Gotong Royong Warga
untuk Bemo yang Historis dan Ramah-Lingkungan
Profil singkat Biobemo
Bemo (Becak-Motor) beroperasi sebagai kendaraan angkutan orang di Jakarta menjelang Ganefo (Games of New Emerging Forces Organization) pada 1963. Presiden pertama Republik Indonesia, Soekarno, mengadakan pesta olahraga ini untuk menggalang semangat bangsa-bangsa Asia-Afrika menghadapi hegemoni Barat.

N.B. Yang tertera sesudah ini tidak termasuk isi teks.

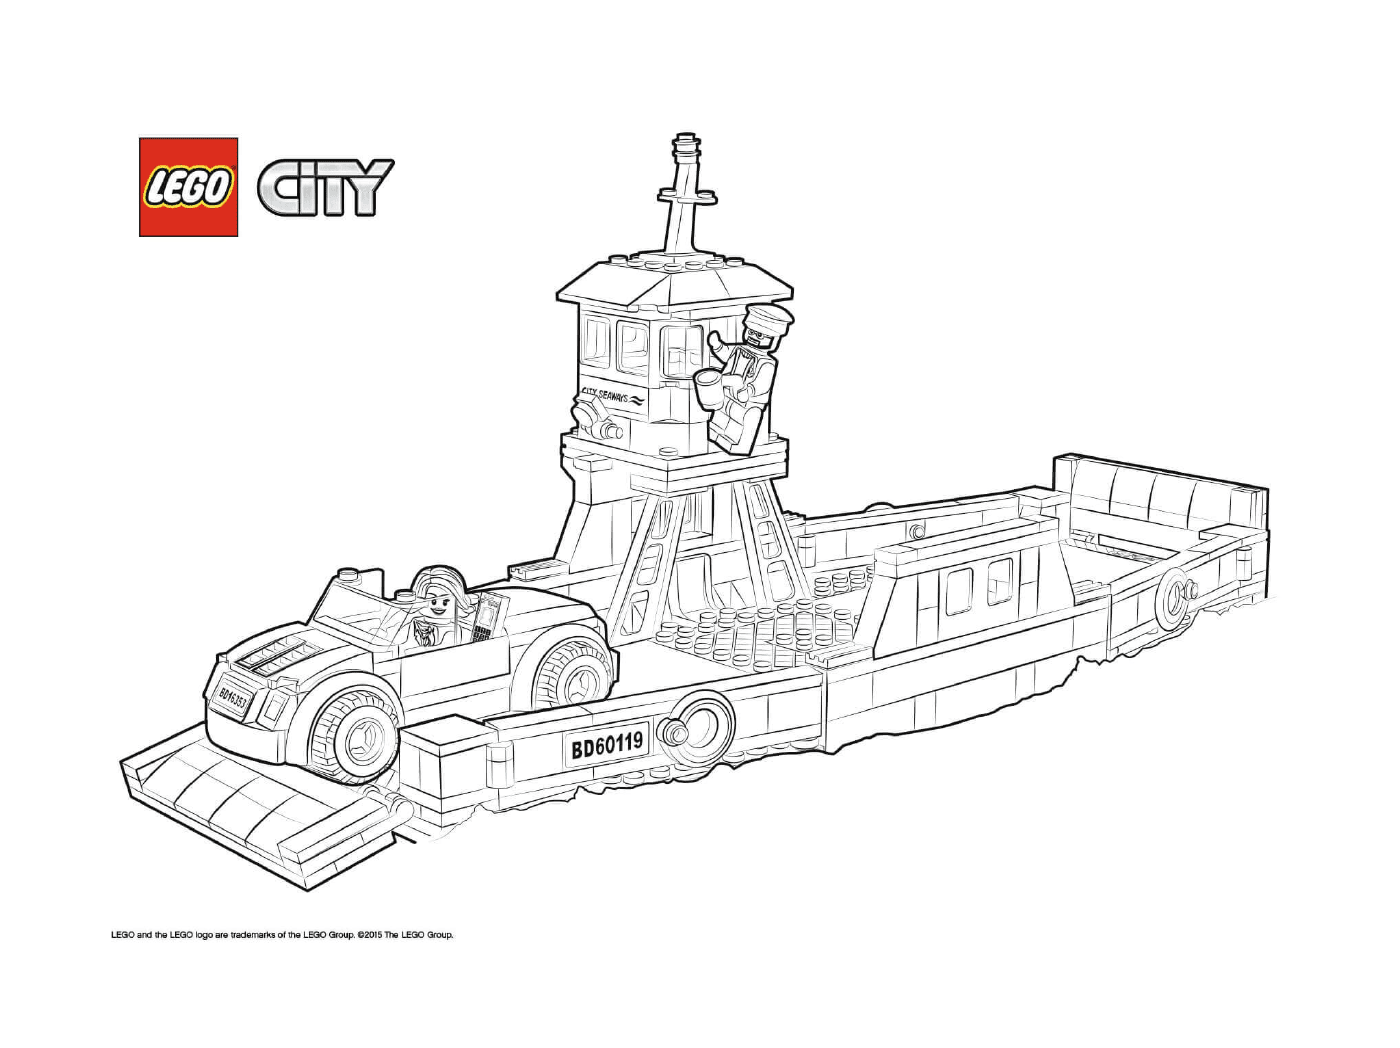   Ferry de transport de bateaux Lego City

Sejak event bersejarah itu Bemo, yang nama aslinya Daihatsu Trimobile atau Midget, menyebar di berbagai kota di pulau Jawa. Kini setelah berpuluh tahun mengabdikan diri sebagai angkutan umum, Bemo jadi makin tua dan tergusur. Mesin 2-langkah yang digunakan Bemo, membuatnya jadi penghasil asap dan bising yang parah.
Biobemo adalah program gotong-royong warga untuk merevitalisasi Bemo yang bernilai historis, menjadi Bemo listrik tanpa emisi gas-buang. Biobemo bekerja dengan memanfaatkan teknologi tepat-guna yang ramah-lingkungan dan berbiaya terjangkau. Tujuan Program Biobemo adalah agar kelangsungan hidup Bemo sebagai salah-satu pusaka budaya (heritage) kota dapat terus dipertahankan. Dengan bentuk desainnya yang khas dan akrab, Bemo akan menjadi maskot atau ikon pariwisata yang menghidupkan kota Metropolitan. Tak kalah penting adalah nilai-guna Bemo yang masih dibutuhkan warga sebagai angkutan umum murah-meriah, selain sebagai gantungan hidup sekitar 500 keluarga pengemudi Bemo di Jakarta.
Dengan skala kerja tingkat akar-rumput maka program Biobemo tak dapat diukur dengan kaca mata manufaktur atau industri besar padat-modal. Biobemo adalah sebuah upaya ‘survival’ dari para pengemudi Bemo bersama warga. Dalam kerja gotong-royong ini terdapat Paguyuban Bemo Jakarta, aikon – Yayasan Pikir Buat Nusantara, serta berbagai komunitas dan individu lain. Biobemo masih terus diuji-coba dan disempurnakan serta terbuka untuk berkolaborasi dengan siapapun, termasuk triple-helix pemerintah, swasta, serta akademia.